Quando ia à missa aos domingos e dias de guarda, todos se voltavam na rua para vê-la passar. Festa em que ela não aparecesse, perdia toda a graça, até os velhos achavam desenxabida a patuscada.

Filho de fazendeiro, que tinha a mostrar bonita mula arreada de prataria, lá passava duas e três vezes por dia defronte da casa da moça, que morava em companhia do pai, quase ao sair do povoado, bem perto de nhá Tudinha.

Entre os mais assíduos, nenhum levava as lampas a Luís Galvão, que era naquela época um chibante mocetão de vinte anos. Raro dia, não vinha ele ao povoado e não achava pretexto para apear-se em casa do velho Guedes, pai de Besita.

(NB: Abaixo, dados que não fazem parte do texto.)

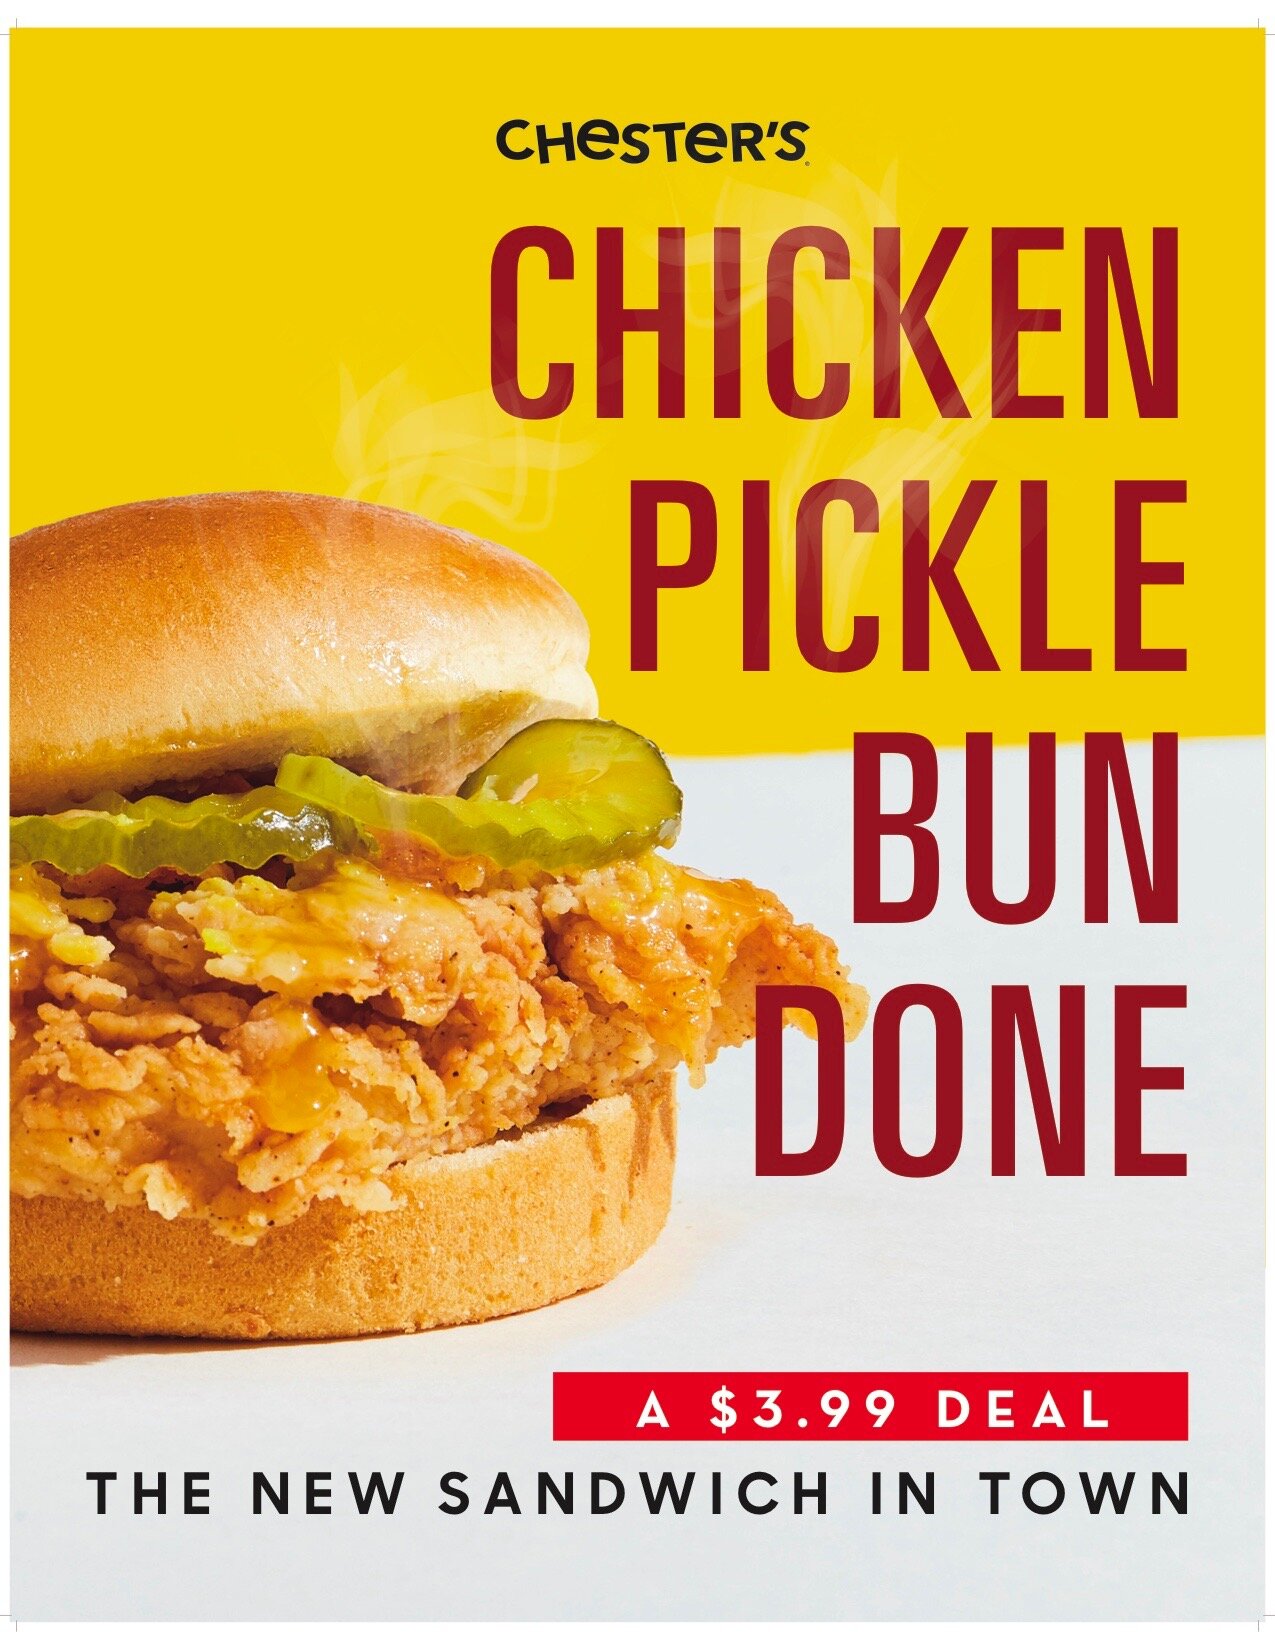 CC-0169—19 Q3 POP LTO Fried Chicken Sandwich—Wall Poster—22x28.jpg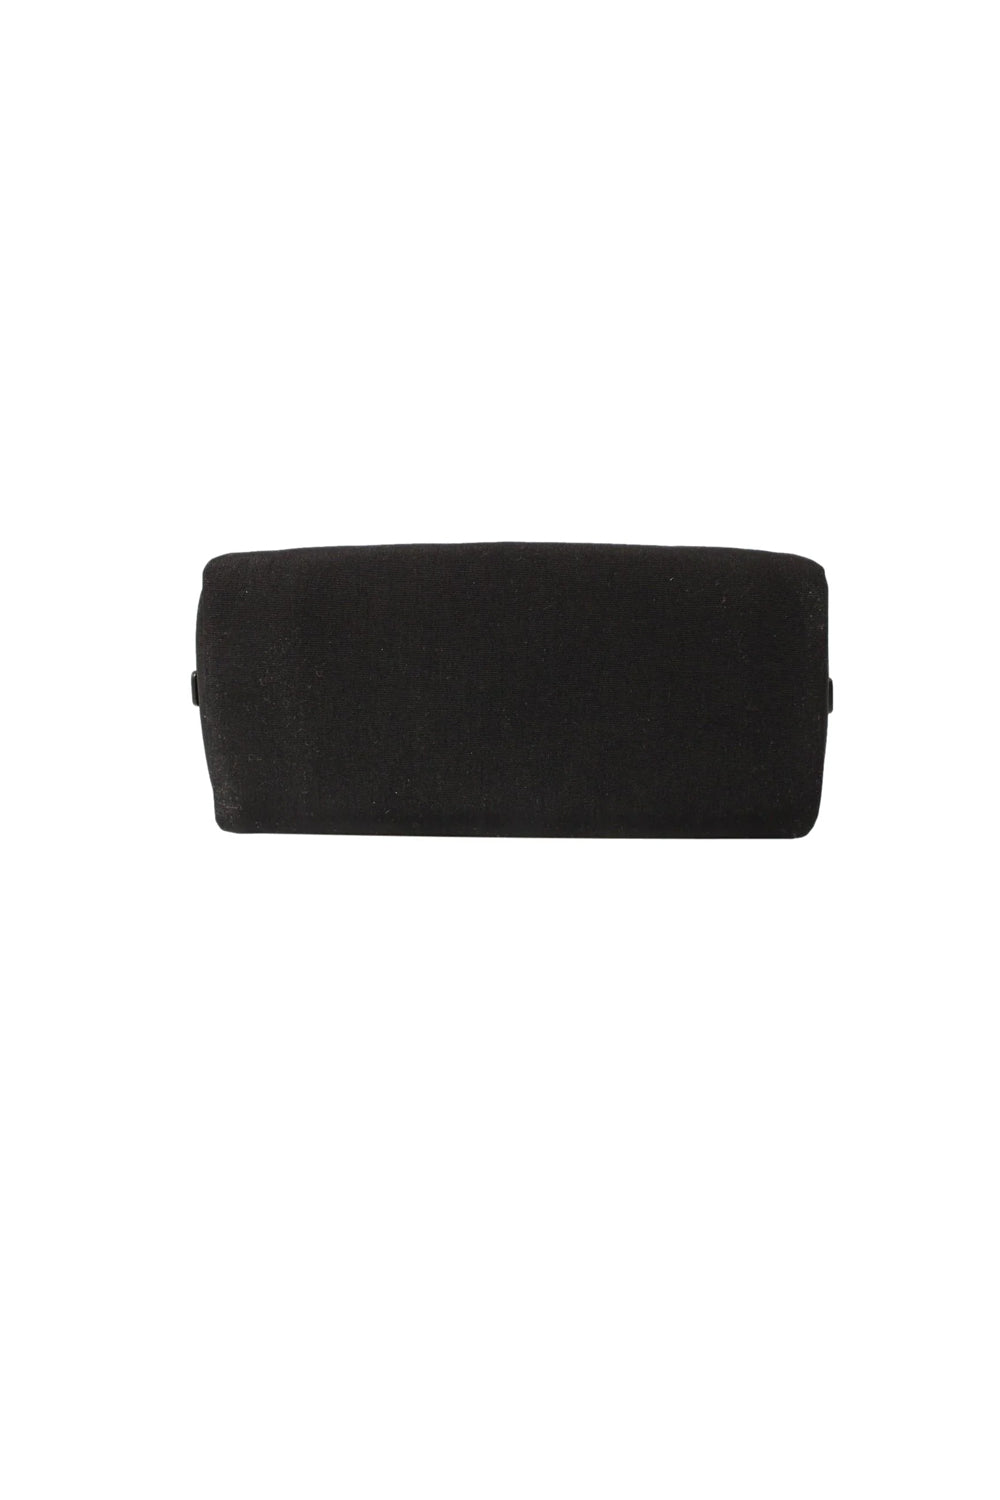 Prada Necessaire Black Cordura Fabric Cosmetic Toiletry Bag 2NA001

Apesar da roda que lhe faziam tantos rapazes e da balda que há em terra pequena de bisbilhotar tudo, não aparecera o menor mexerico a respeito da moça, e quando se falava dela era para gabar o seu modo sério e o recato que sabia guardar com todos, o que mais admirava por ter perdido a mãe ainda criança, e viver quase sobre si, pois o velho mal podia com seus achaques.

Nesse tempo servia de camarada a Luís Galvão um rapaz de pouco menos idade, que o acompanhava constantemente em passeios e viagens. Era Jão, a quem os outros se tinham habituado a chamar de Bugre, pela tez bronzeada, que distinguia aquela raça indígena.

Esse rapaz fora criado nos Pilões, antiga fazenda de Afonso Galvão, pai de Luís; e aí viera ter de um modo singular e misterioso.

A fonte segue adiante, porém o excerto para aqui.